ASSIGNMENT
In the records that follow, the lines from the one containing "Пираты карибского моря главные герои" to the one containing "Escape From Tarkov", inclusive, are to be given again exactly.

EXERCISE MATERIALS

== Segment start ==

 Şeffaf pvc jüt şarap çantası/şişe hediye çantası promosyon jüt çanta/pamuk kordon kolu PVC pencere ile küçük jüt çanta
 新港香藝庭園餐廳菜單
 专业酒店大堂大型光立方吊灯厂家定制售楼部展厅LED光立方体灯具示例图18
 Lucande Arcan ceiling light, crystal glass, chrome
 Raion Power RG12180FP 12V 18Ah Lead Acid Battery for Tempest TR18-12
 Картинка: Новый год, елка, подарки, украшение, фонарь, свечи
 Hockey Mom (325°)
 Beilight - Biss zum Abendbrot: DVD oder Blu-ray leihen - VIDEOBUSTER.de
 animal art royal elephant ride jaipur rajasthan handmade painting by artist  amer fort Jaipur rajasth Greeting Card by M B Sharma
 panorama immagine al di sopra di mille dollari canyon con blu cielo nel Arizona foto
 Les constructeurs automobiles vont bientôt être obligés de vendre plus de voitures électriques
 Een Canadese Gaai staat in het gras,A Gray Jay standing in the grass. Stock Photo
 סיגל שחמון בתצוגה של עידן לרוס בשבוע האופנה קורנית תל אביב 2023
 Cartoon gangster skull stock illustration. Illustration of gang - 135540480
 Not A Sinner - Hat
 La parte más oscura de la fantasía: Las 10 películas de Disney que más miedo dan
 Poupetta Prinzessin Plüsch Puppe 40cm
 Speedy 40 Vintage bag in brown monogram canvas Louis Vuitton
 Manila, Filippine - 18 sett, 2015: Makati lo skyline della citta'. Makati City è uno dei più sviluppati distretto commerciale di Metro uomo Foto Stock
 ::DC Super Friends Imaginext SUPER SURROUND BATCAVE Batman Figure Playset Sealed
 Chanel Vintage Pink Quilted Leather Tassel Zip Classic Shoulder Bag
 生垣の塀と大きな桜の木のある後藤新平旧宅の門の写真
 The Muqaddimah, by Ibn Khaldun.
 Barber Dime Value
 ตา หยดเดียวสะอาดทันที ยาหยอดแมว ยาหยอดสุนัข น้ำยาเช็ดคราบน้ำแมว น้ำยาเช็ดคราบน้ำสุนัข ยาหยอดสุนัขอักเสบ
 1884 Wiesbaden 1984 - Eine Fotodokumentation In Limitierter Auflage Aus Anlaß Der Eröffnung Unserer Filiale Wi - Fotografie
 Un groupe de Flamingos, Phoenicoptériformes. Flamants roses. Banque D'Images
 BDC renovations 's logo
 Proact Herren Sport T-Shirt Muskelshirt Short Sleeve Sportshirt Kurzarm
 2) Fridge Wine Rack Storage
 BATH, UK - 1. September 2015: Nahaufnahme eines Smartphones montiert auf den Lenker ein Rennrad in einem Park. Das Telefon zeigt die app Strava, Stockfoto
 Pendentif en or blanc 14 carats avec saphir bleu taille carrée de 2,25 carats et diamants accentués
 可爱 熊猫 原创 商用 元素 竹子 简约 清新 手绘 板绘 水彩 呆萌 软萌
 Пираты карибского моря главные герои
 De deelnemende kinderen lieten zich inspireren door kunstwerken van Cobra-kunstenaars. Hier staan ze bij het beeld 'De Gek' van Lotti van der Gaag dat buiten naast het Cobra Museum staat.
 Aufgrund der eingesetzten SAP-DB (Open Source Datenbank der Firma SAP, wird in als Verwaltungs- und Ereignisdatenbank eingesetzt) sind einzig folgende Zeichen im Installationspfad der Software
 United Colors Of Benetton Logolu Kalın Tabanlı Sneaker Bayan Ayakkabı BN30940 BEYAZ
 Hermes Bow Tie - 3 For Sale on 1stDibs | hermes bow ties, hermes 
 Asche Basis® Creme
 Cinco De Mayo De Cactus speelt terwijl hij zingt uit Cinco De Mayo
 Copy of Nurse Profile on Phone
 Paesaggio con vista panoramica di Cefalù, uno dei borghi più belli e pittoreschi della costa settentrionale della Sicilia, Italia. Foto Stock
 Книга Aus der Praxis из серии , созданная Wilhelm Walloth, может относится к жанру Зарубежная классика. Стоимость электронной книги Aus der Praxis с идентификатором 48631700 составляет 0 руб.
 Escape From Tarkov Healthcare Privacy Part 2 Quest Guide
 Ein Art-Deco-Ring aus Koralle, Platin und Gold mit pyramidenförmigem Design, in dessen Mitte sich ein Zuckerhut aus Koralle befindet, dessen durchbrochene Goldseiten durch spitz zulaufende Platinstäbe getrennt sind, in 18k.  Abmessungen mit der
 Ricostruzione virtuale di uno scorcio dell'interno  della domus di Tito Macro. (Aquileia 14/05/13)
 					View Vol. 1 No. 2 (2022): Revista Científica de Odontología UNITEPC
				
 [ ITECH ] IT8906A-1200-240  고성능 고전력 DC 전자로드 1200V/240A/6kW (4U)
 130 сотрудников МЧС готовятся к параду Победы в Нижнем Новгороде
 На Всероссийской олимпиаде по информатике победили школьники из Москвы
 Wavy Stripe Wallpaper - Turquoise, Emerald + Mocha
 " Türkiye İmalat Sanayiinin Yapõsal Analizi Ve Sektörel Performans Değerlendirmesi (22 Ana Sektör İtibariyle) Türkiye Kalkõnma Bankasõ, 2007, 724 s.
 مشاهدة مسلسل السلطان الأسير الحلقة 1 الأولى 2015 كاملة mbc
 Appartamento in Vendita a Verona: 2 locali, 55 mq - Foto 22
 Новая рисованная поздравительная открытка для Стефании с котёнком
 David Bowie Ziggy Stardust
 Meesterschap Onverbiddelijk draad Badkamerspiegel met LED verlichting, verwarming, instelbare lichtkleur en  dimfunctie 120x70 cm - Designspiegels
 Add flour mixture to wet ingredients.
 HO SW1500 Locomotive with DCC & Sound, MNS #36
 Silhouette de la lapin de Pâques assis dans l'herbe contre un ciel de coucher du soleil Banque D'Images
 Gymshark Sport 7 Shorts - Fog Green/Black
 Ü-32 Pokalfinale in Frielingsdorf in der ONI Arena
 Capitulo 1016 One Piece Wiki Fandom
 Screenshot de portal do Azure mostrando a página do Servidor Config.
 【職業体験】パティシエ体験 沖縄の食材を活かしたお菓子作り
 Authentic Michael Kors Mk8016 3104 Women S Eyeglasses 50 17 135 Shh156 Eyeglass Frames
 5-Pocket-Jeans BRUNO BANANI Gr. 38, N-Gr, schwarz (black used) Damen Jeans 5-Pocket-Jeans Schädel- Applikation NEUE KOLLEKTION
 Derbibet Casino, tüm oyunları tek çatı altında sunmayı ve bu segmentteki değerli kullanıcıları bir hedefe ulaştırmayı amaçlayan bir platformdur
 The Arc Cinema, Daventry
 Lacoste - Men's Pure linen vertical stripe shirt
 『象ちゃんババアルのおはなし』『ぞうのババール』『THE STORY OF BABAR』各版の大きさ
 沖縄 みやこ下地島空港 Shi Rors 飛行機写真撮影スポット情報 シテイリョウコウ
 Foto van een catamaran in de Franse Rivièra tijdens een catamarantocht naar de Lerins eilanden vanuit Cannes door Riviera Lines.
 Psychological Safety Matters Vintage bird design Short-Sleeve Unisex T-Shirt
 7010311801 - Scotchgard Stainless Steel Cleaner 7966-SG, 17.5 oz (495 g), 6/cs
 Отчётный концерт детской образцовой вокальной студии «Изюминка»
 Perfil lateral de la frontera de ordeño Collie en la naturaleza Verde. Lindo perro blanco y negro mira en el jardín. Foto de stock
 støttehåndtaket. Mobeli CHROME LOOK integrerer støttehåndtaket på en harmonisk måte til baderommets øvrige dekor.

== Segment end ==

EXERCISE SOLUTION
 Пираты карибского моря главные герои
 De deelnemende kinderen lieten zich inspireren door kunstwerken van Cobra-kunstenaars. Hier staan ze bij het beeld 'De Gek' van Lotti van der Gaag dat buiten naast het Cobra Museum staat.
 Aufgrund der eingesetzten SAP-DB (Open Source Datenbank der Firma SAP, wird in als Verwaltungs- und Ereignisdatenbank eingesetzt) sind einzig folgende Zeichen im Installationspfad der Software
 United Colors Of Benetton Logolu Kalın Tabanlı Sneaker Bayan Ayakkabı BN30940 BEYAZ
 Hermes Bow Tie - 3 For Sale on 1stDibs | hermes bow ties, hermes 
 Asche Basis® Creme
 Cinco De Mayo De Cactus speelt terwijl hij zingt uit Cinco De Mayo
 Copy of Nurse Profile on Phone
 Paesaggio con vista panoramica di Cefalù, uno dei borghi più belli e pittoreschi della costa settentrionale della Sicilia, Italia. Foto Stock
 Книга Aus der Praxis из серии , созданная Wilhelm Walloth, может относится к жанру Зарубежная классика. Стоимость электронной книги Aus der Praxis с идентификатором 48631700 составляет 0 руб.
 Escape From Tarkov Healthcare Privacy Part 2 Quest Guide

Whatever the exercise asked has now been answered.